The latest report from IRENA is majorly centered on the best practices garnered from thousands of cities across the globe that make up 60% of the world energy demand, and clearly shows what is possible as well as policies required to ensure the change.
“We have to rethink the entire urban energy landscape, which requires rigorous planning and holistic decision-making,” stated Adnan Z. Amin, IRENA Director-General
“Renewable energy, combined with energy efficiency, will power the future growth of cities. We must ensure this transition happens as soon as possible.”
One of the keys to a successful transformation is better understanding of how energy is consumed within urban centers. Ideally, a plan that works for one city may not really work in another because of the differences in usage. For instance, cities situated in areas with cool climates experience a greater heating load compared to those in warmer regions.

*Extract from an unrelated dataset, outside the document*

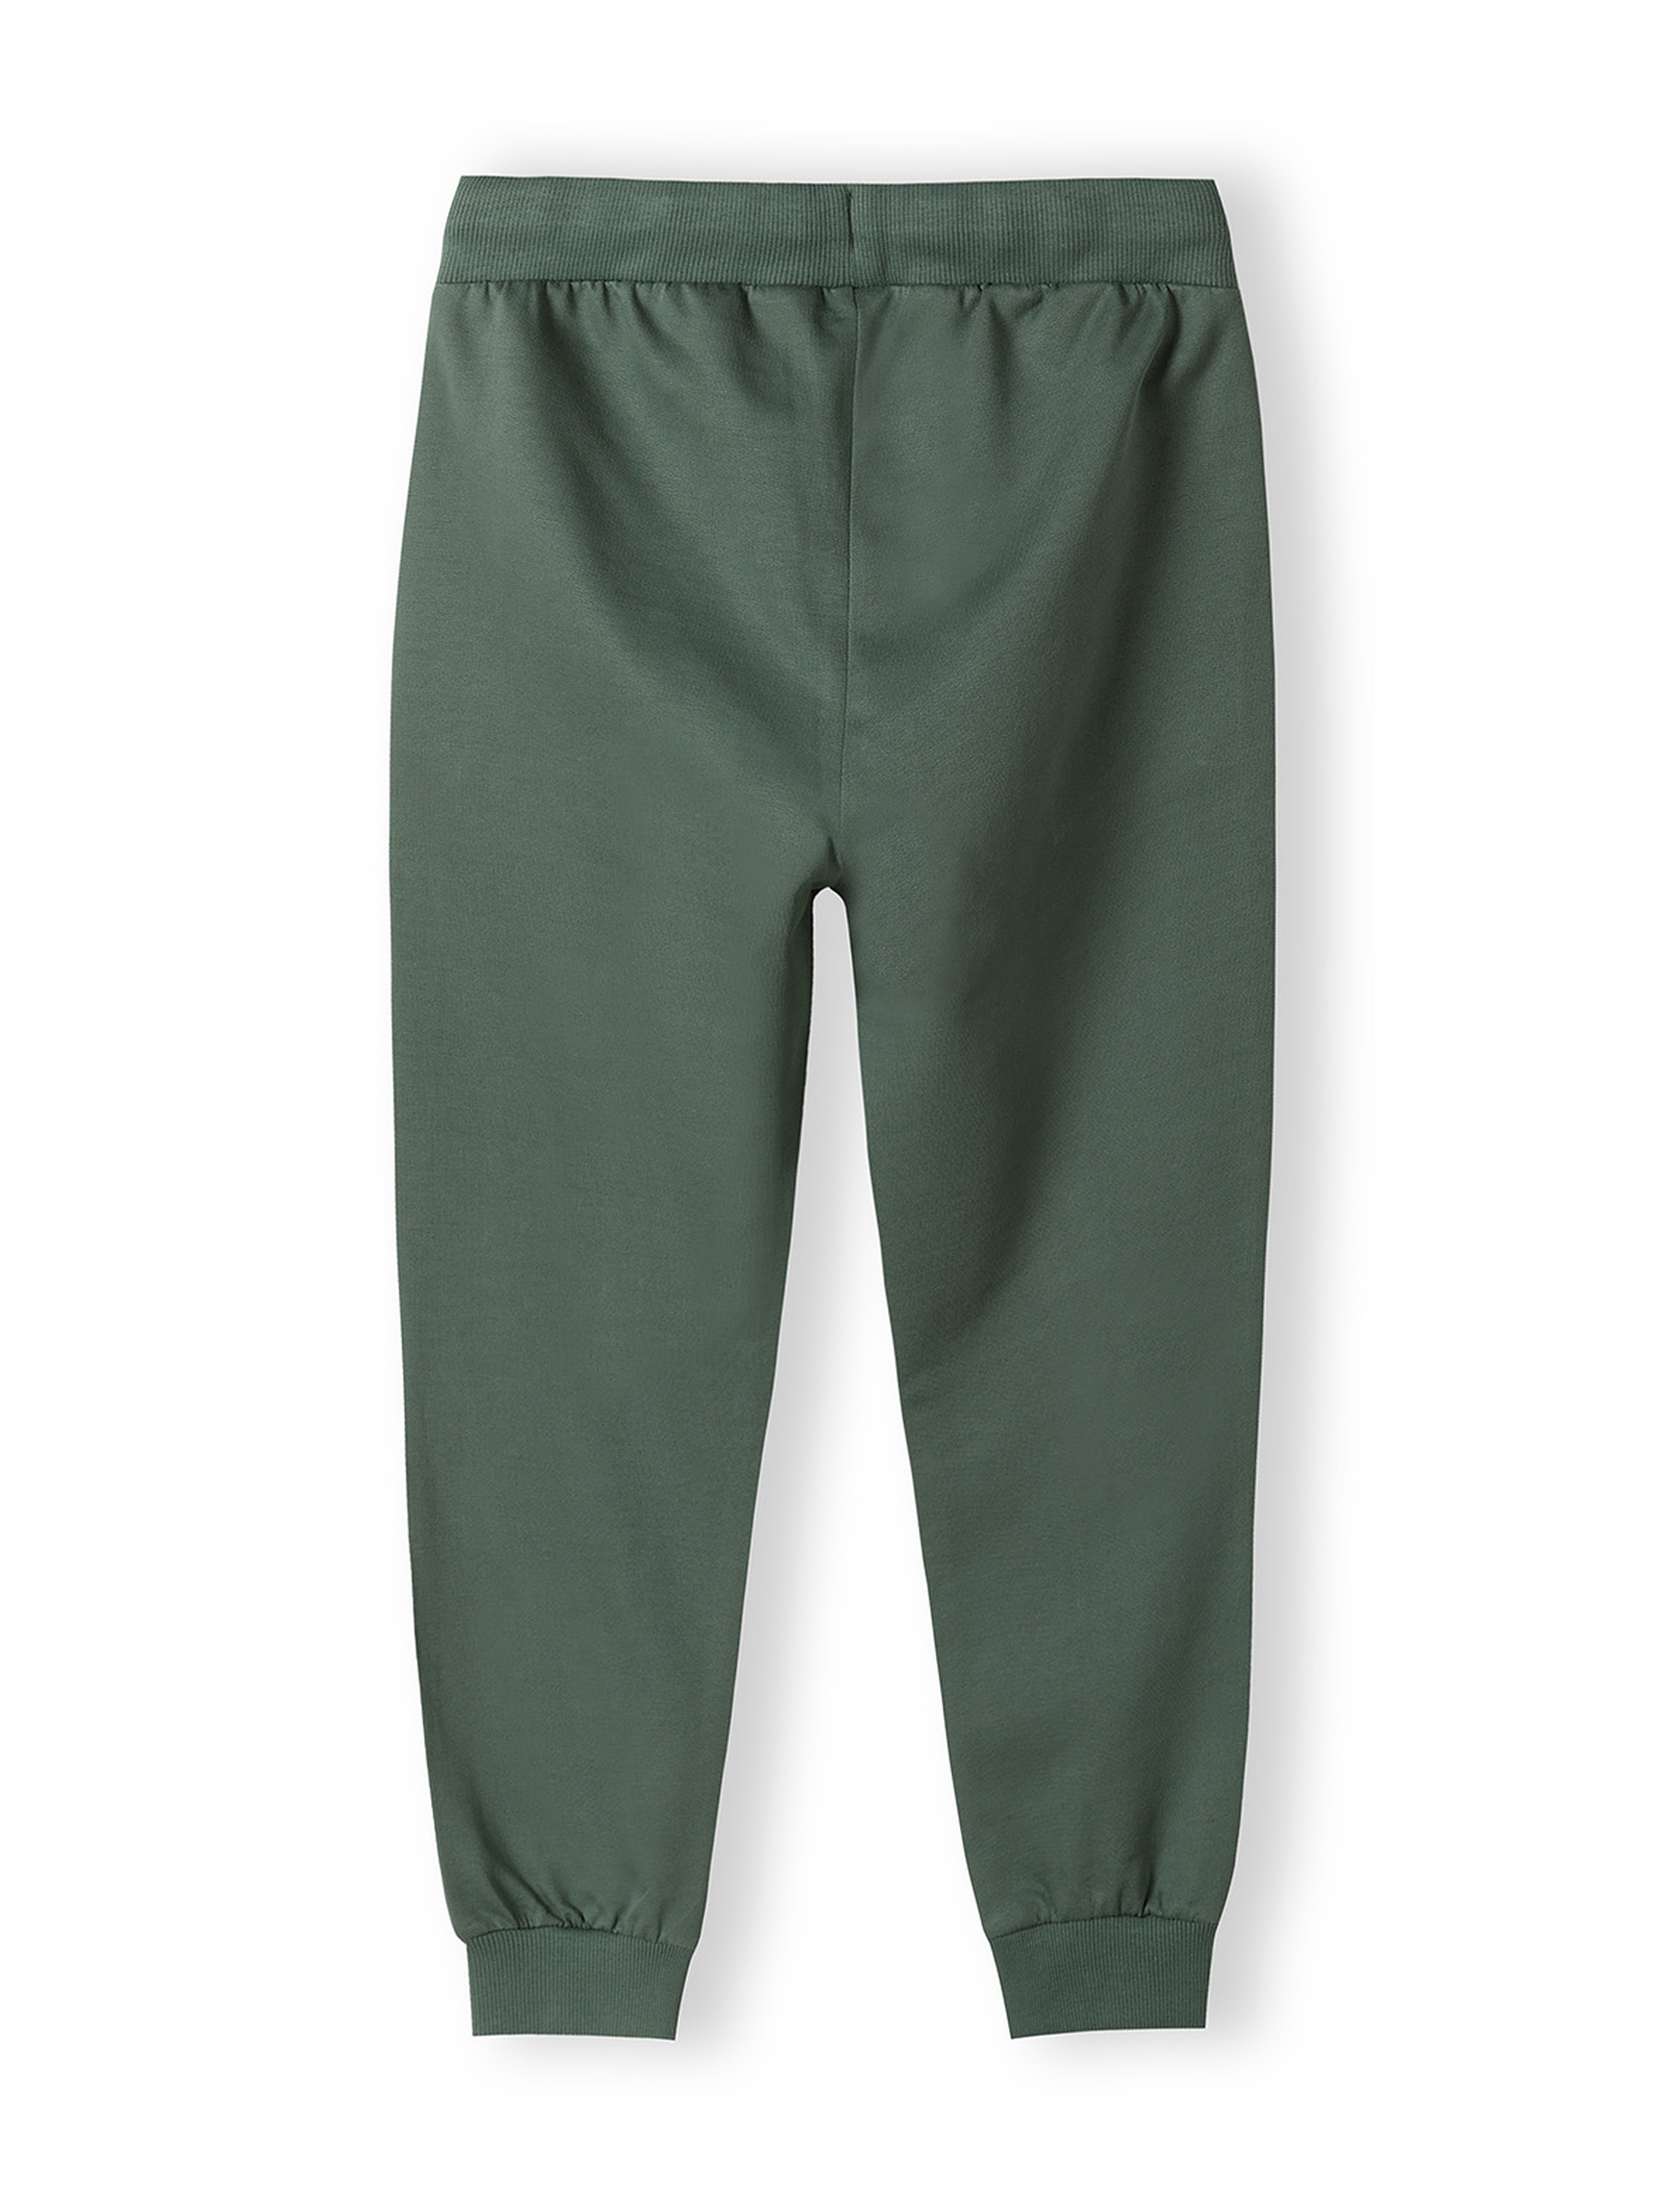 Zielone spodnie dresowe regular dla chłopca

Population density is also a crucial factor. Highly populated cities are more ideal for electric public transit systems that are powered by renewables, while the low density cities with bigger rooftop areas may possibly benefit from solar panels technologies as well as enhanced growth of electric cars. Both hot water and rooftop solar systems are generally easy to install and offer consumers significant economic gains.
The report further indicates that even though most energy policies are decided at the national level, city governments are better placed to customise realistic renewables energy strategies suited to their specific local circumstances.
A good example took place recently closer home (although the IRENA report does not mention it) in South Australia. The City Council of Adelaide is powering ahead with plans to turn its CBD into a carbon neutral area by 2025; integrating a set of remarkable initiatives and incentives to encourage South Australians to invest in solar power, battery storage and other related technologies.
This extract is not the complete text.